Cette planification, portée par une politique visant d’abord et avant tout l’économie d’énergie, la sobriété énergétique et la sécurité énergétique des collectivités, reposera sur trois éléments indissociables :
● la nationalisation totale de la production énergétique électrique au Québec, pour :
◦ assurer l’homogénéité de l’accès à l’énergie au niveau du Québec et l’unité sur l’ensemble du territoire d’un tarif unique, stable et suffisamment bas pour les citoyens ;
◦ mettre fin à la privatisation des opérations et de la production électrique et de ses mécanismes afférents (subventions aux multinationales, tarifs privilégiés, appels d’offres, etc.).
● la socialisation décentralisée de la production électrique. Les communautés et les régions doivent participer à la gouvernance du secteur énergétique, bénéficier plus directement des retombées économiques et aux divers aspects de la gestion du secteur de l’électricité et ainsi :
◦ consolider les économies régionales et locales, en participant activement à la gouvernance d’Hydro-Québec ;
◦ S’impliquer dans la redistribution, la production de proximité et les mesures de sobriétés énergétiques, les pouvoirs régionaux pourraient remplacer graduellement la taxation foncière par des sources de revenus issus de l’efficacité et de la transition vers l’électricité source de revenu ;
◦ faciliter l’implantation rapide des micro-réseaux de distribution intelligents et de réseaux d’échange de chaleur ; les structures qui permettront l’intégration des unités énergétiques décentralisées et véritablement l’atteinte d’objectifs de réduction et de plus grande efficacité énergétique.
● l’implication décisionnelle directe des acteurs régionaux, tels que les municipalités locales et régionales de comté (MRC) et les Régies régionales d’énergie, comme maîtres d’oeuvre des projets résultants de cette Politique, pour :
◦ adapter la nationalisation aux réalités régionales et favoriser l’autonomie énergétique des régions et municipalités ;
◦ s’approprier, construire et gérer les installations énergétiques sur des sites respectant les aspirations de la population.

Si on s’oppose aux grands barrages, aux combustibles fossiles et au nucléaire ; on doit proposer une alternative.
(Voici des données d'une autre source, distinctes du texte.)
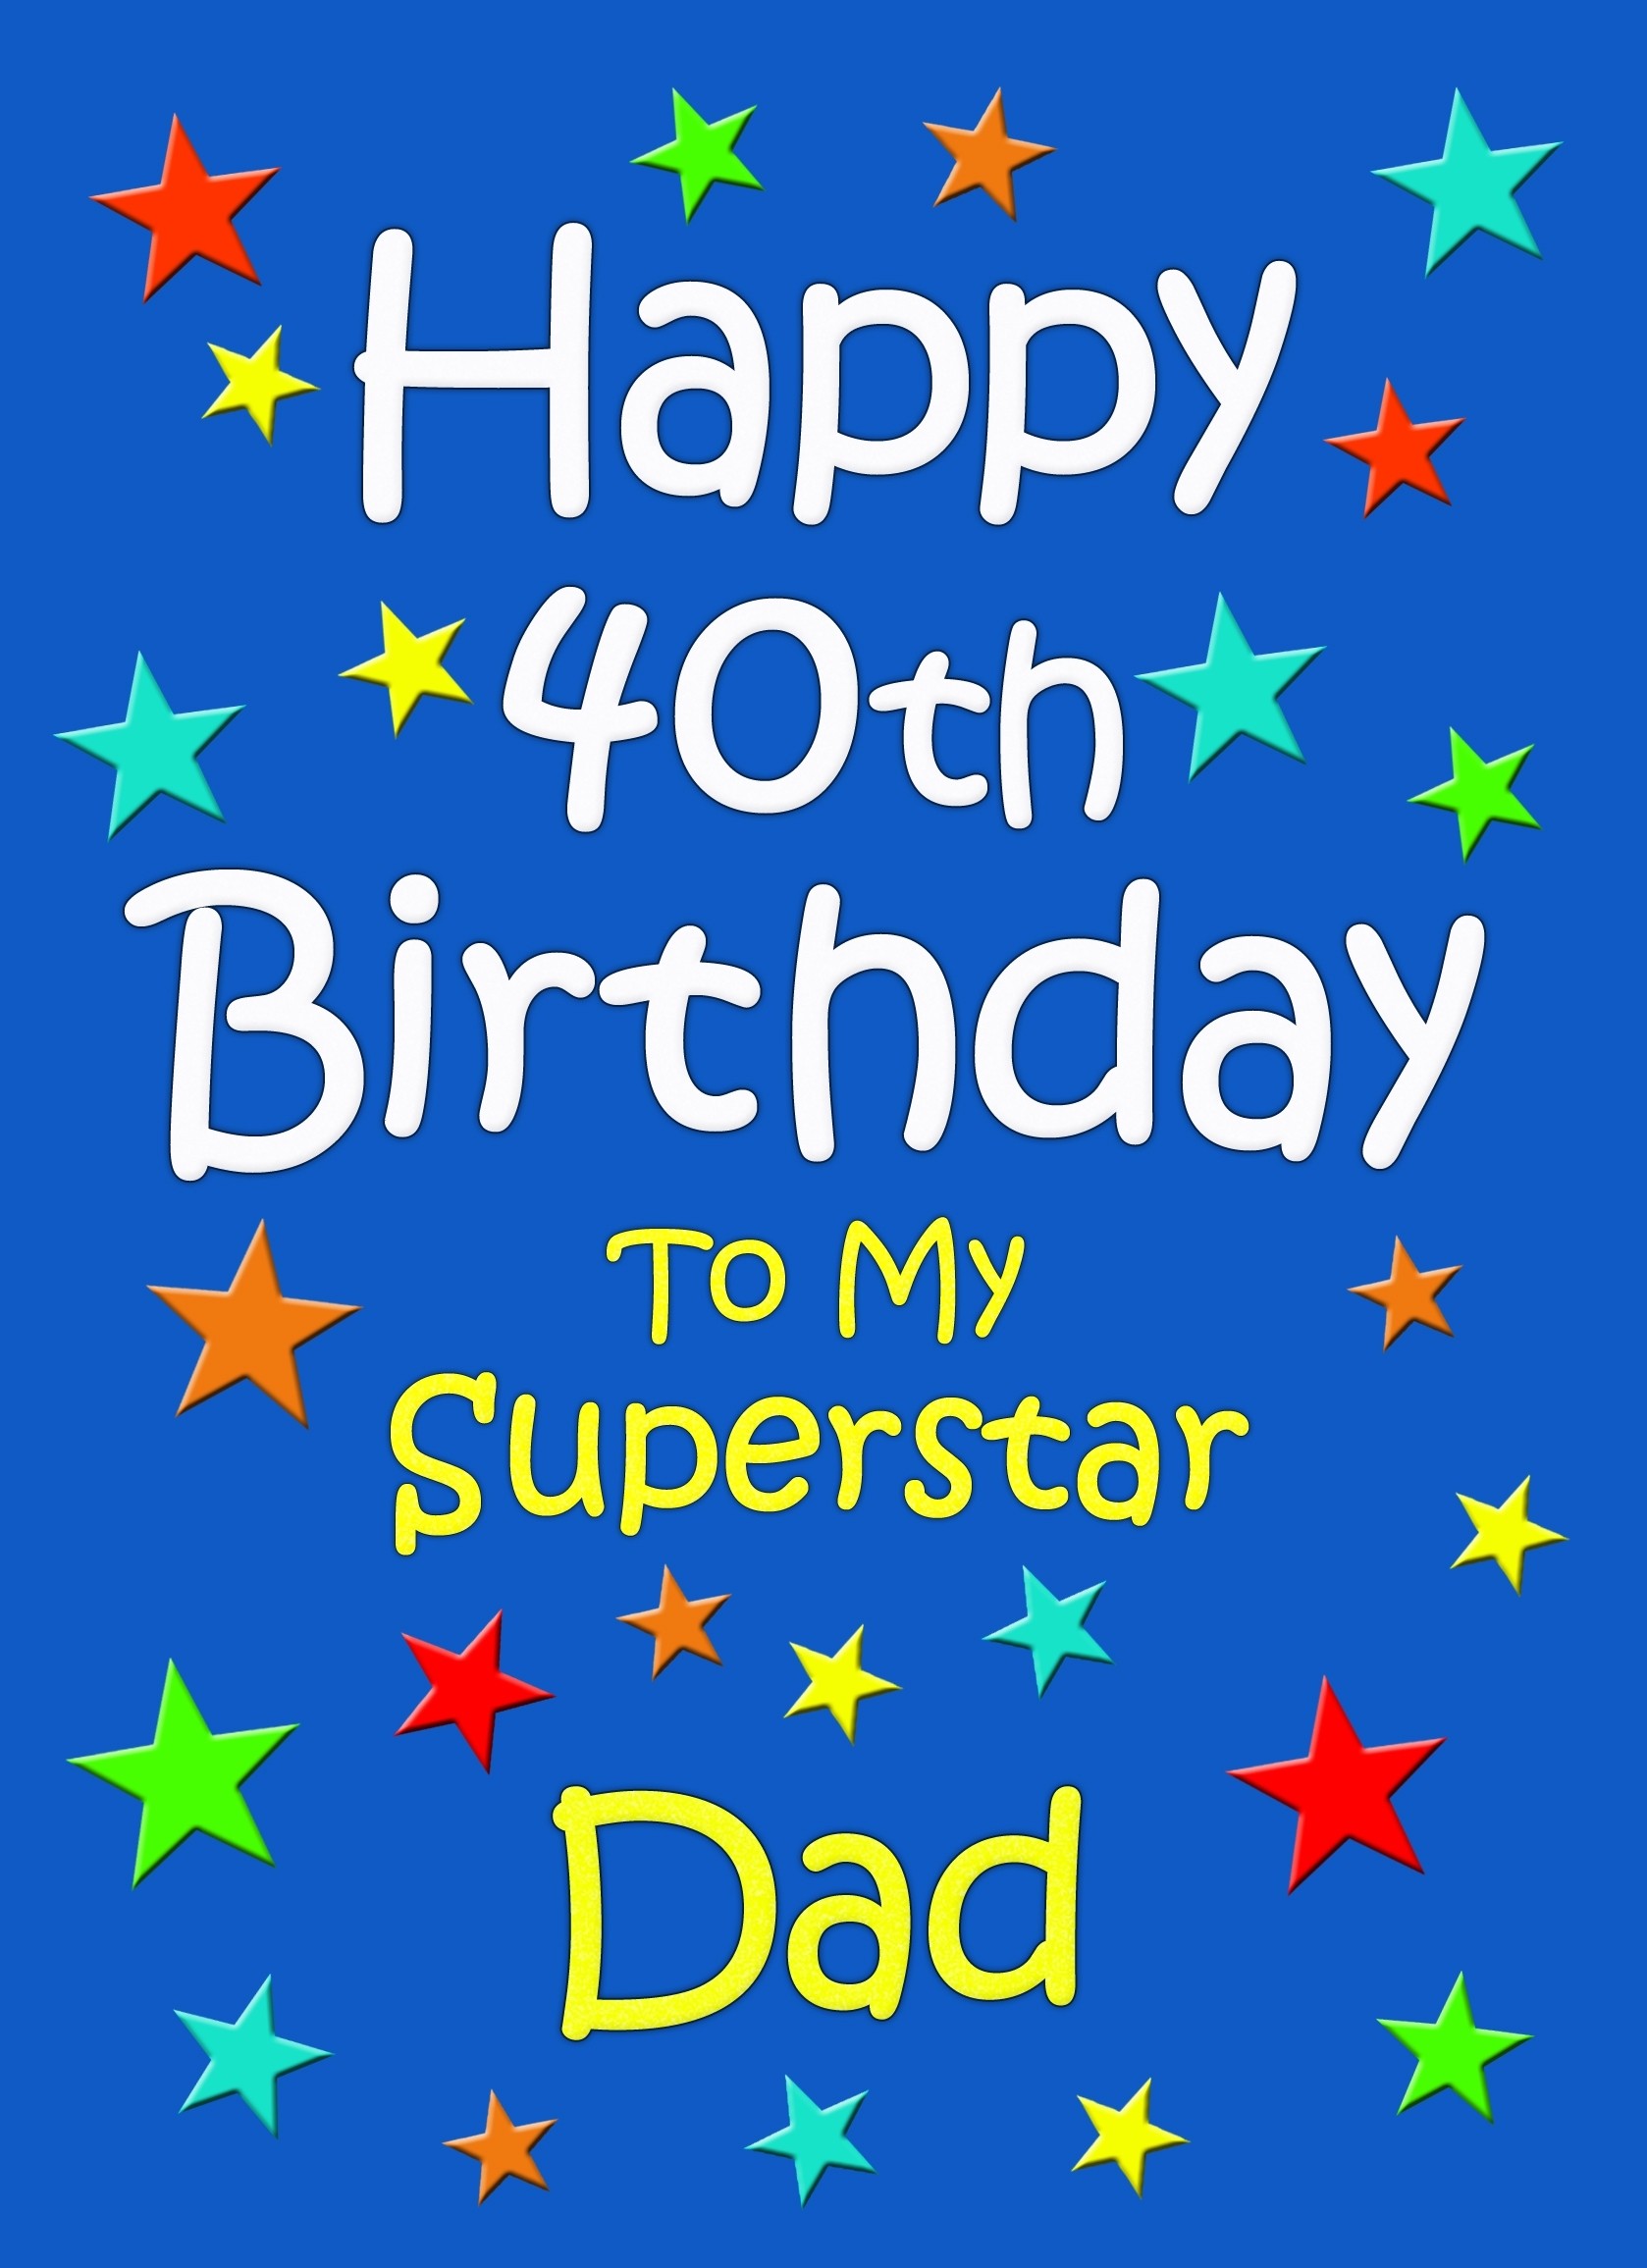 Dad 40th Birthday Card (Blue)

Les technologies les plus prometteuses qui se développent présentement se greffent idéalement à des petits réseaux énergétiques décentralisés (micro-grids). Deux types de réseaux semblent émerger présentement : les micro-réseaux électriques intelligents, et les réseaux municipaux d’échange de chaleur. Ces réseaux permettent d’intégrer toute une gamme de ressources énergétiques décentralisées, selon le cas des ressources produisant de l’électricité ; ou des ressources produisant de la chaleur. Le solaire, l’éolien et l’aérothermie, le contrôle des objets connectées et le stockage par batteries s’intègrent bien à un micro réseau électriques intelligents comme celui expérimenté à Lac Mégantic par Hydro-Québec. Pour les réseaux de chaleur ; le solaire, la géothermie, l’aérothermie et les ressources calorifiques industrielles ; ainsi que les réseaux d’égouts tempérés sont capable d’optimiser l’équilibrage des sources de chaleurs. Le virage vers les petits réseaux de redistribution électrique et de chaleur surtout dans les centres urbains est la voie d’avenir incontournable pour une gestion énergétique accessible à tous, de proximité, sécuritaire et au bénéfice des communautés. Les villes et régions auront un rôle capital à jouer dans l’implantation des solutions énergétiques.